Magdalena Grzebałkowska decided to go her own way and write Maria Konopnicka’s biography. Yet, Dezorientacje is more than this – it’s an intimate portrait of a writer we have never truly known.
We hear “Konopnicka,” we think of: boring literature, high school readings, pathetic poetry and conservatism. Grzebałkowska also used to believe in all those fake stereotypes, but then she became invested in the “real” life of our Polish seeress. And, she realised that Polish history decided to modify the entire image of Konopnicka.
Konopnicka was someone else than the “conservative writer” we know from the books.

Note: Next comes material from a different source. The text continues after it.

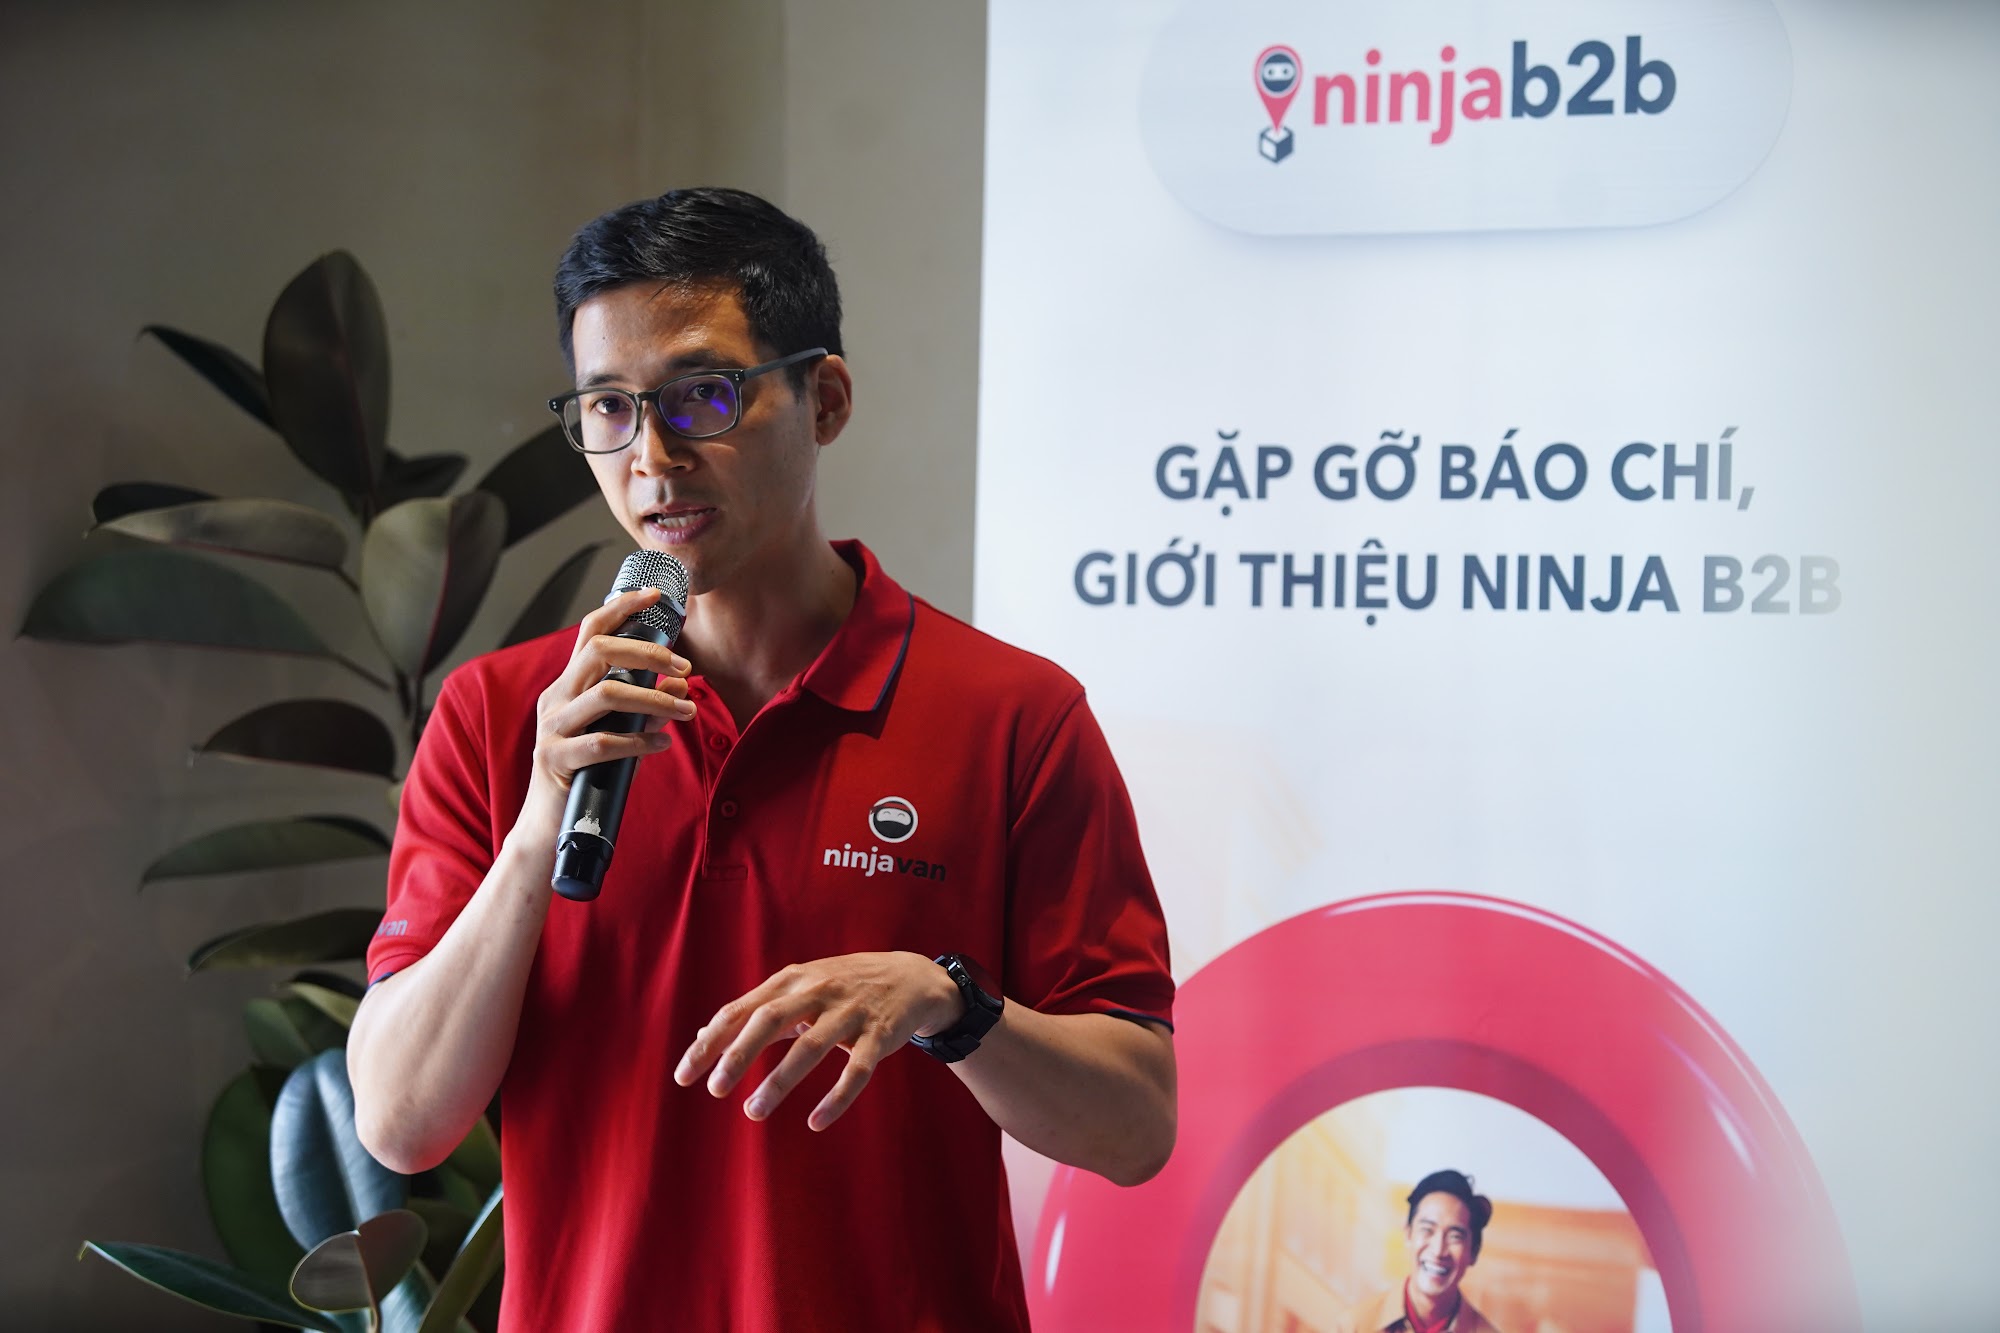 Chủ tịch Ninja Van Việt Nam: Chúng tôi đang vận chuyển hơn 2 triệu gói hàng/ngày khắp Đông Nam Á, có thể giao kiện hàng dưới 100kg với chi phí khoảng 100 nghìn đồng- Ảnh 1.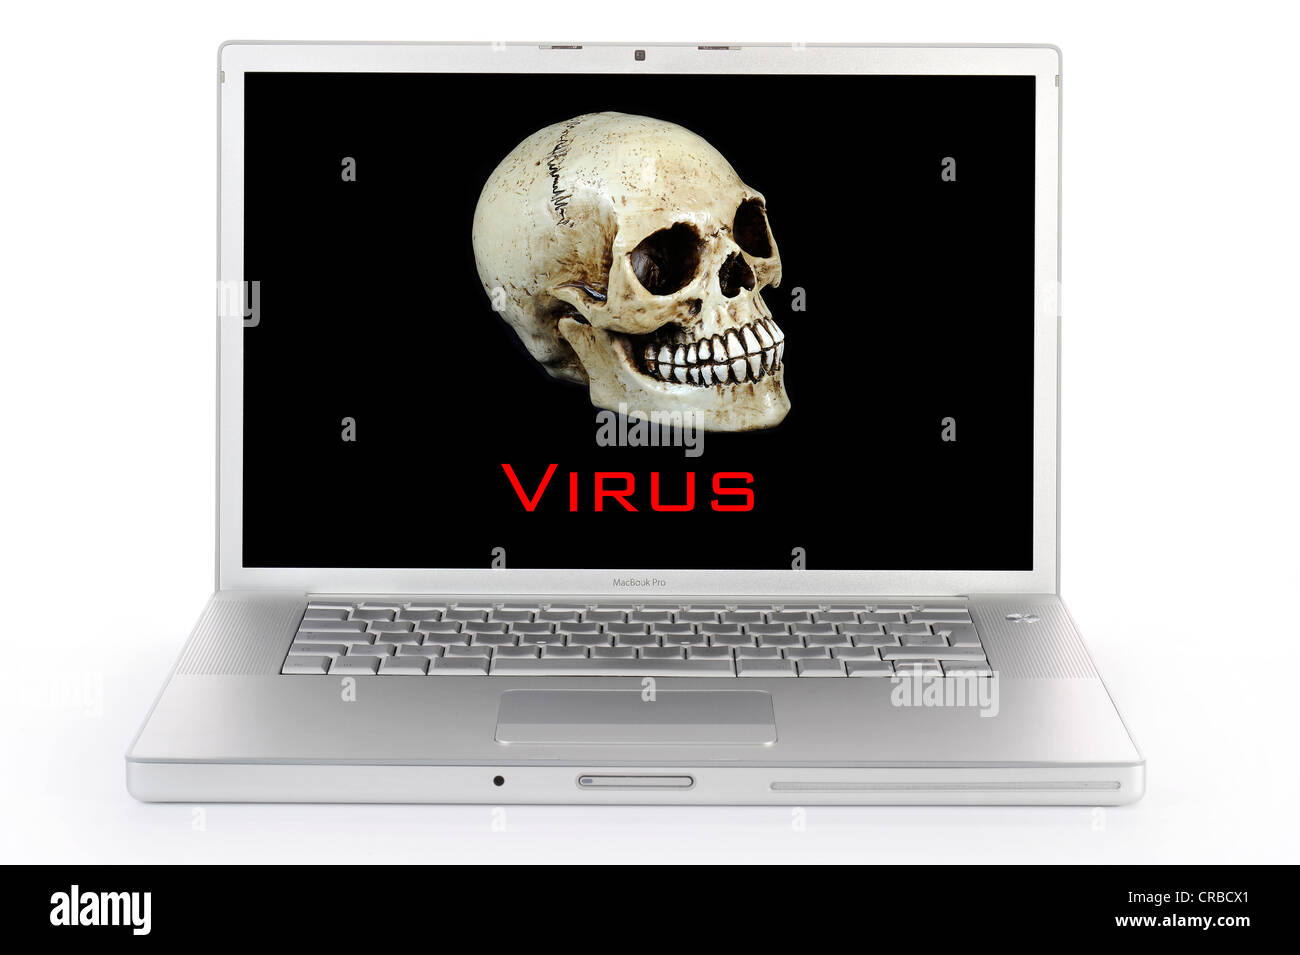 Computer portatile, cranio, lettering "Virus", immagine simbolica per allarme virus Foto Stock

She had a woman partner, she was a feminist, she fought for women’s rights, she was a lover, she was a mother, she was a person, who abandoned her husband, she was a woman, who made many mistakes, she hated Church and she wasn’t a saint. All of this we can learn from Dezorientacje, a book so well-detailed and full of precise research, that it only makes us bow to its author. Every quote is put in the right place, every piece of new information only deepens the image of Konopnicka, and every revelation is served at the right moment and time. Grzebałkowska just knows how to tell her story.
Dezorientacje also encapsulates the radical and misogynistic world in which Konopnicka used to live. The author believes and reminds us through a lot of illustrative comparisons that it is practically impossible to understand the real nature of Konopnicka without comprehending the times she lived in. The end of the XIX century, although forgotten now by most of us, didn’t really differ from everything we have now. Populism on every corner, hate towards otherness, a lack of respect in the journalistic professions – it’s all been there and Poland hasn’t changed at all.
This is probably the most alarming conclusion from Grzebałkowska’s latest book. Konopnicka died, but the world she has left is still the same. How long is it going to look like that? None of them – either Konopnicka or Grzebałkowska – managed to find the right answer for this riddle.